Naukowcy wyjaśniają, że wybrali ten konkretny lek, ponieważ był to jedyny antybiotyk, który działałby na bakterie, które w przeciwnym razie byłyby oporne na leki. Jednak kilka lat temu zespół specjalistów z Chin odkrył, że jeden gen bakteryjny może uodpornić te mikroorganizmy na polimyksyny.
„Chcieliśmy się dowiedzieć, w jaki sposób ta bakteria, konkretnie, zatrzymała ten lek w tym konkretnym przypadku” - mówi pierwszy autor Adree Khondker, dodając: „Jeśli to zrozumiemy, będziemy mogli zaprojektować lepsze antybiotyki”.
Naukowcy wykorzystali specjalistyczne, czułe narzędzia, które umożliwiły analizę błony bakteryjnej. Narzędzia te renderowały obrazy o niezwykle wysokiej rozdzielczości, które uchwyciły nawet pojedyncze cząsteczki o wymiarach około jednej milionowej szerokości pojedynczego pasma włosów.
„Jeśli weźmiesz komórkę bakteryjną i dodasz ten lek, w ścianie utworzą się dziury, działające jak dziurkacz i zabijające komórkę” - zauważa Khondker. „Ale było wiele dyskusji na temat tego, jak powstały te dziury”.
Co dzieje się z opornymi bakteriami?
Mechanizm przenikania antybiotyku przez błonę bakteryjną działa w następujący sposób: bakteria, która ma ładunek ujemny, automatycznie „wciąga” lek, który ma ładunek dodatni.
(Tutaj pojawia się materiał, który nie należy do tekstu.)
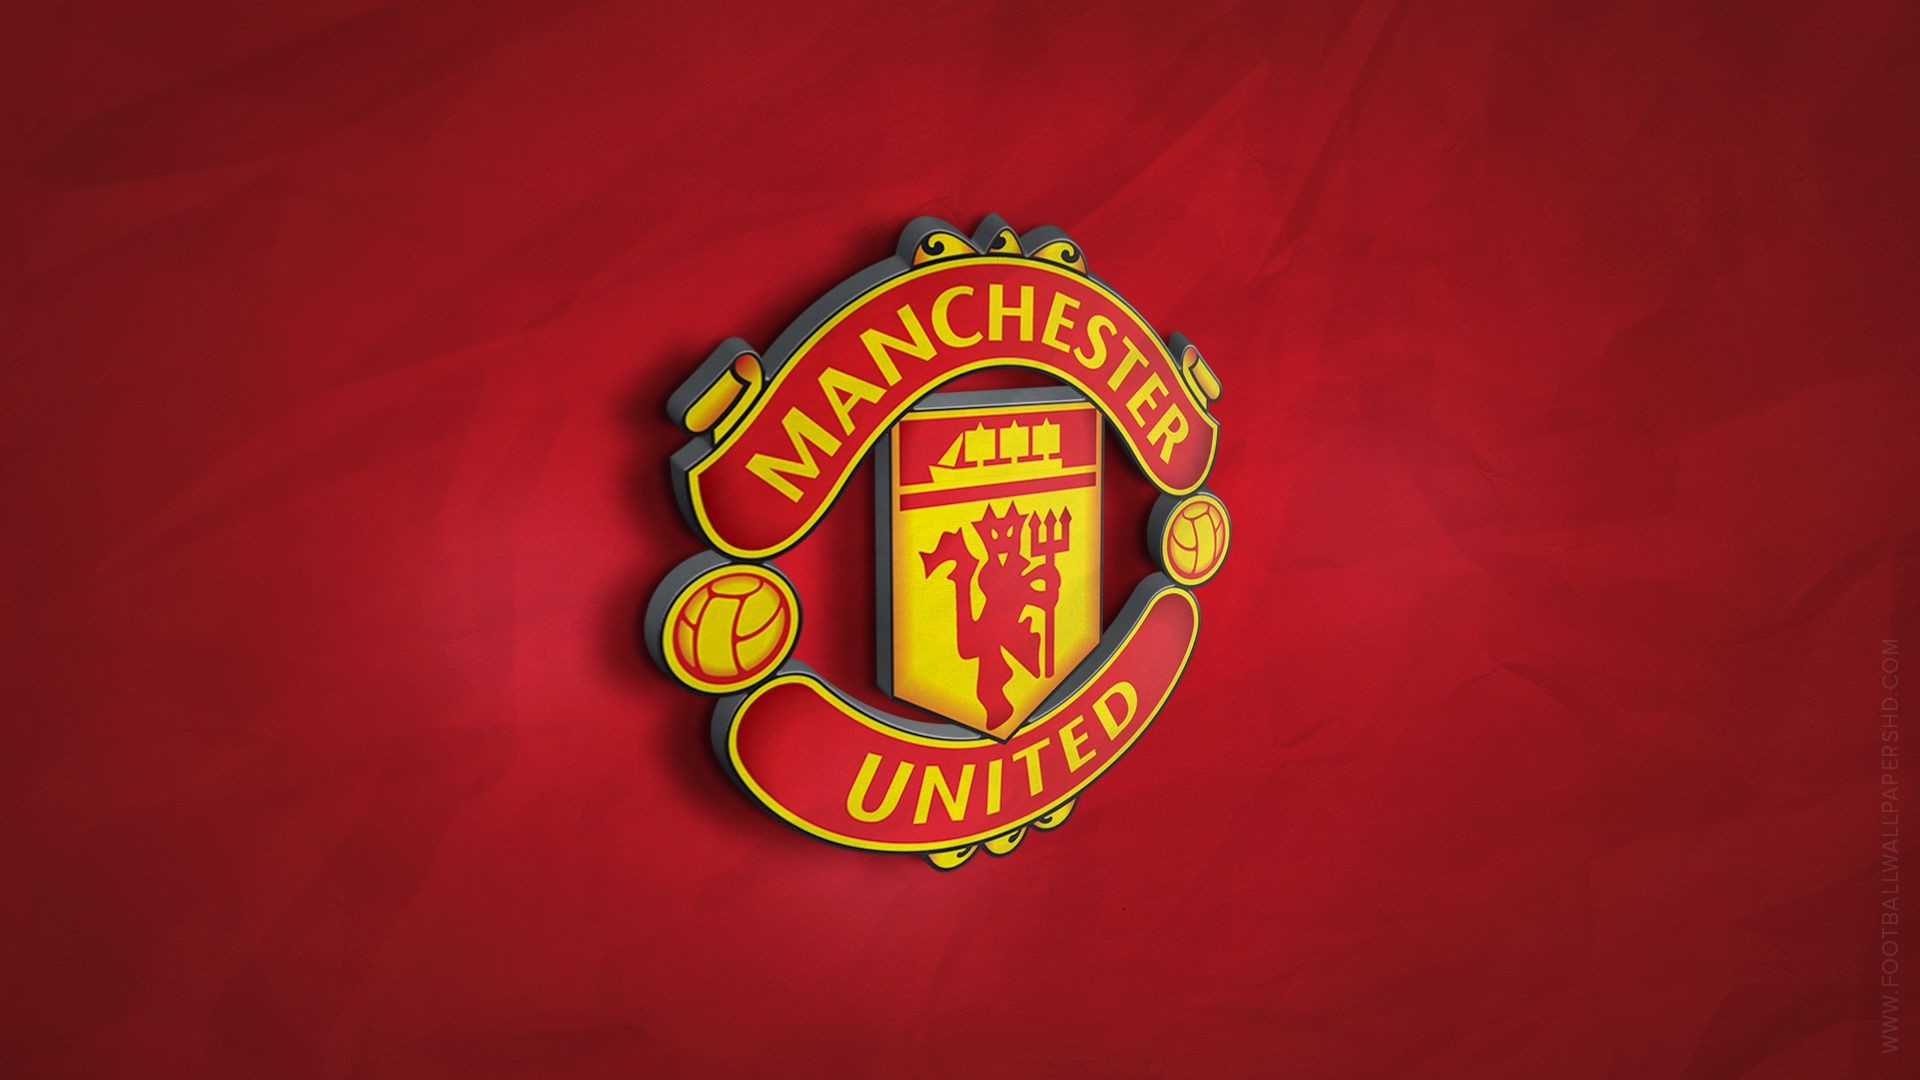 Res: 1920x1080, Manchester United 3D Logo Wallpaper | Football Wallpapers HD
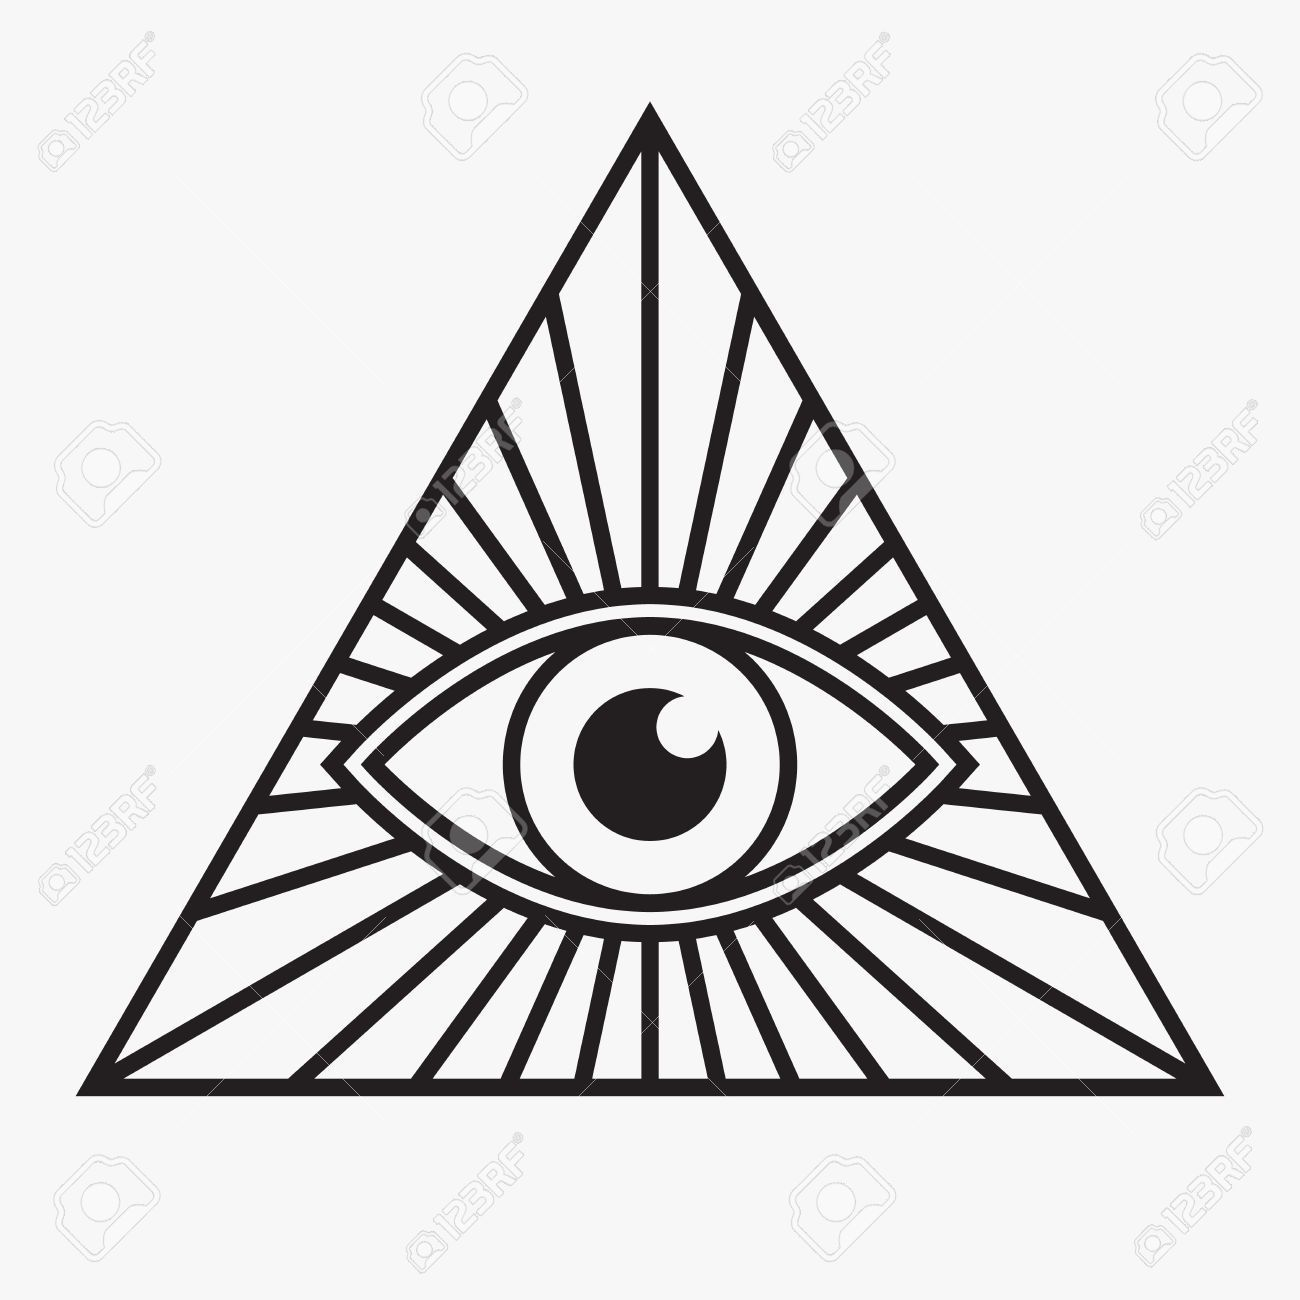 Stock Vector Eye symbol, All seeing eye tattoo, All

Jednak gdy to nastąpi, błona bakteryjna działa jak bariera przeciwko antybiotykowi, uniemożliwiając mu przedostanie się do wnętrza bakterii. W normalnych warunkach jest to nieskuteczne, ponieważ membrana jest wystarczająco cienka, aby antybiotyk mógł w niej „przebić dziury”.
Jednak w przypadku bakterii lekoopornych najnowocześniejsza technologia naukowców ujawniła, że membrana staje się sztywniejsza i trudniejsza do penetracji. Ponadto ładunek ujemny bakterii słabnie, co oznacza, że antybiotyk trudniej jest go zlokalizować i „przykleić” do niego.
Jak opisuje to Khondker: „W przypadku narkotyku to jak przejście od cięcia Jello do przecinania skał”.
To pierwszy raz, kiedy zespół badawczy był w stanie z całą pewnością wskazać te zmiany, podkreślają badacze.
„Było wiele spekulacji na temat tego mechanizmu. Ale po raz pierwszy możemy udowodnić, że membrana jest sztywniejsza, a proces jest spowolniony ”.